- Education: Syracuse University
- Occupation: Sportscaster
- Years active: 2000–present
- Children: 3

= Adam Schein =

American sportscaster

Adam Schein is an American radio and TV sportscaster. He has worked for SiriusXM and CBS Sports Network.

==Education==
Schein graduated from Syracuse University's Newhouse School of Public Communications in 1999, with a degree in broadcast journalism.

==Career==
Schein has worked at WFAN (2001–2006), SiriusXM NFL Radio (2004–2012), WHEN (AM) Radio in Syracuse (1999–2002), and Foxsports.com (2005–2012). He won the John Bayliss Award for Excellence in Radio Journalism in 1998 and 1999.

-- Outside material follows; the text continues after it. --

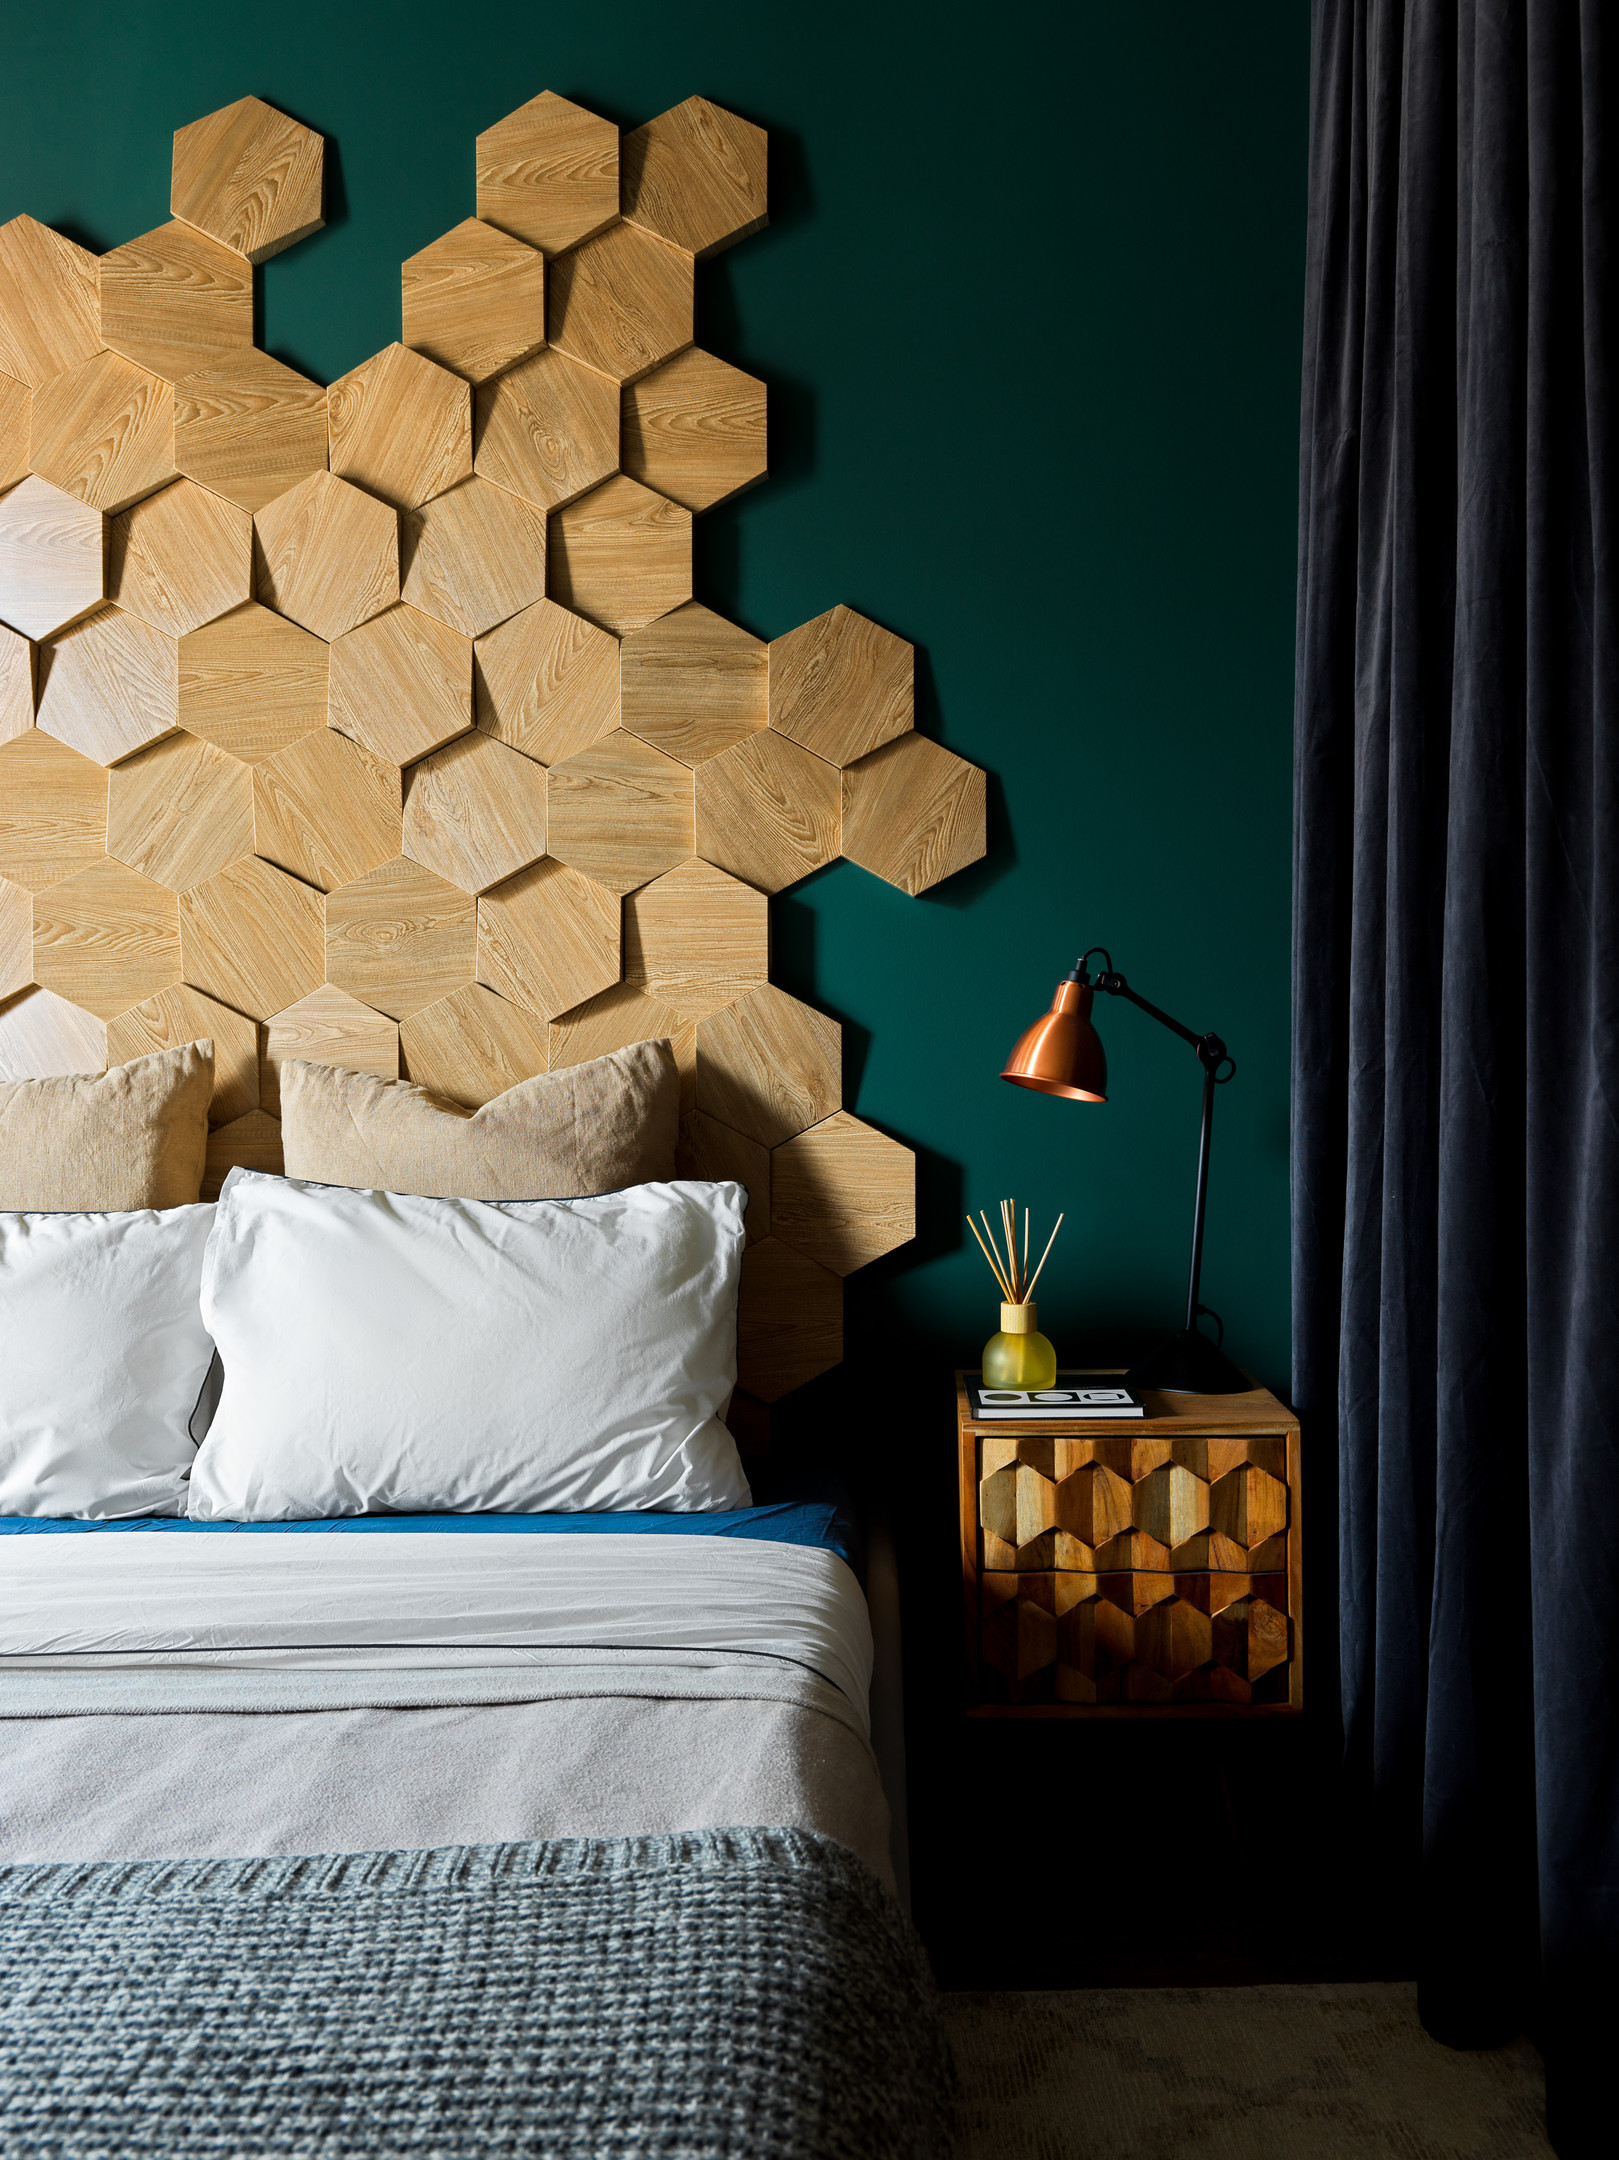 Đầu giường được trang trí bằng những tấm gỗ sáng màu hình lục giác, ghép lại ngẫu hứng thành họa tiết tổ ong bắt mắt. Táp đầu giường lựa chọn thiết kế gắn tường, thêm cả đèn đọc sách tiện lợi.
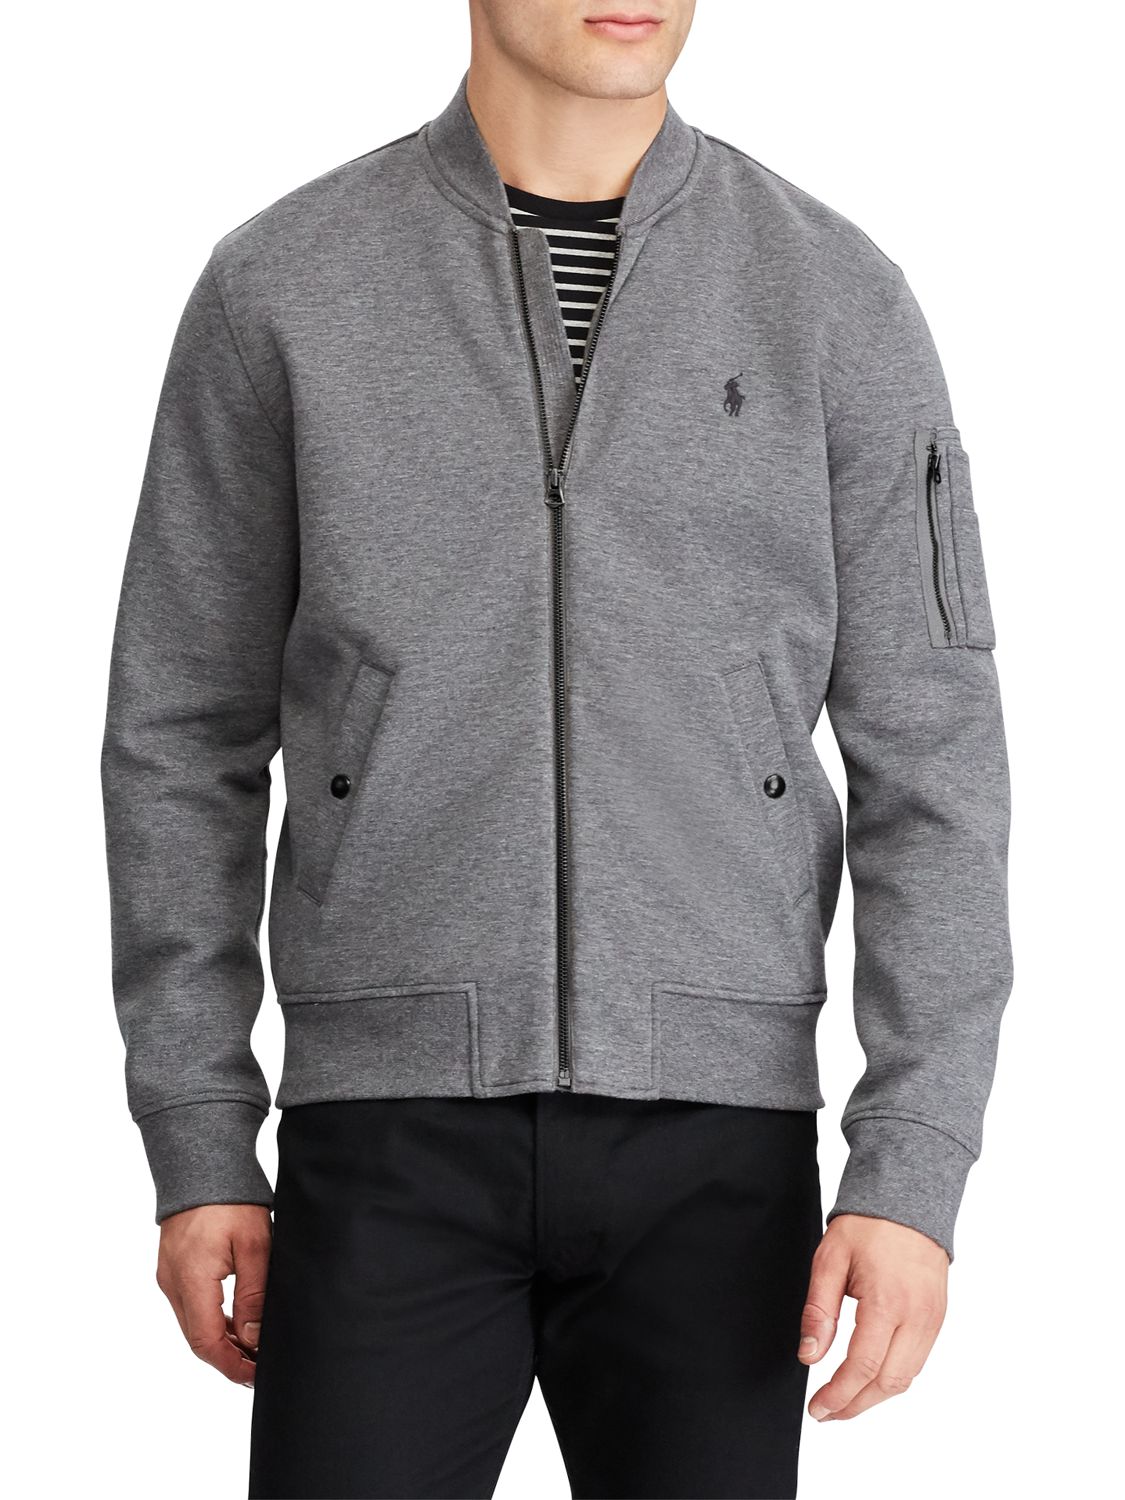 polo grey jacket

Schein has been a radio host on SiriusXM since 2004. Schein hosts Schein on Sports weekdays on Mad Dog Sports Radio from 9 am – 12 pm EST.

In 2011, He hosted Loud Mouths with Chris Carlin on SNY weeknights at 5:30 Eastern Time. Schein was with SNY from 2006 to 2015 and was on SNY's Jets Post Game Live and Jets Nation on-air teams from 2006 to 2012.

Schein hosts Time to Schein weeknights at 6 pm EST on CBS Sports Network. He announced that show was ending February 2024. He became the host of That Other Pregame Show on CBS Sports Network in September 2013. He is also the host of NFL Monday QB on the CBS Sports Network with Phil Simms, Rich Gannon, Trent Green, and Steve Beuerlein, which launched in 2012. On March 10, 2026, Schein started hosting Schein Time weekdays at 2pm EST on the New York Post.

In August 2015, Schein was named the host of Inside the NFL on Showtime, working alongside Phil Simms, Boomer Esiason, and Brandon Marshall. He is also a columnist for NFL.com and has been with the website since 2012.

==Personal life==
Schein and his wife Katie have three children.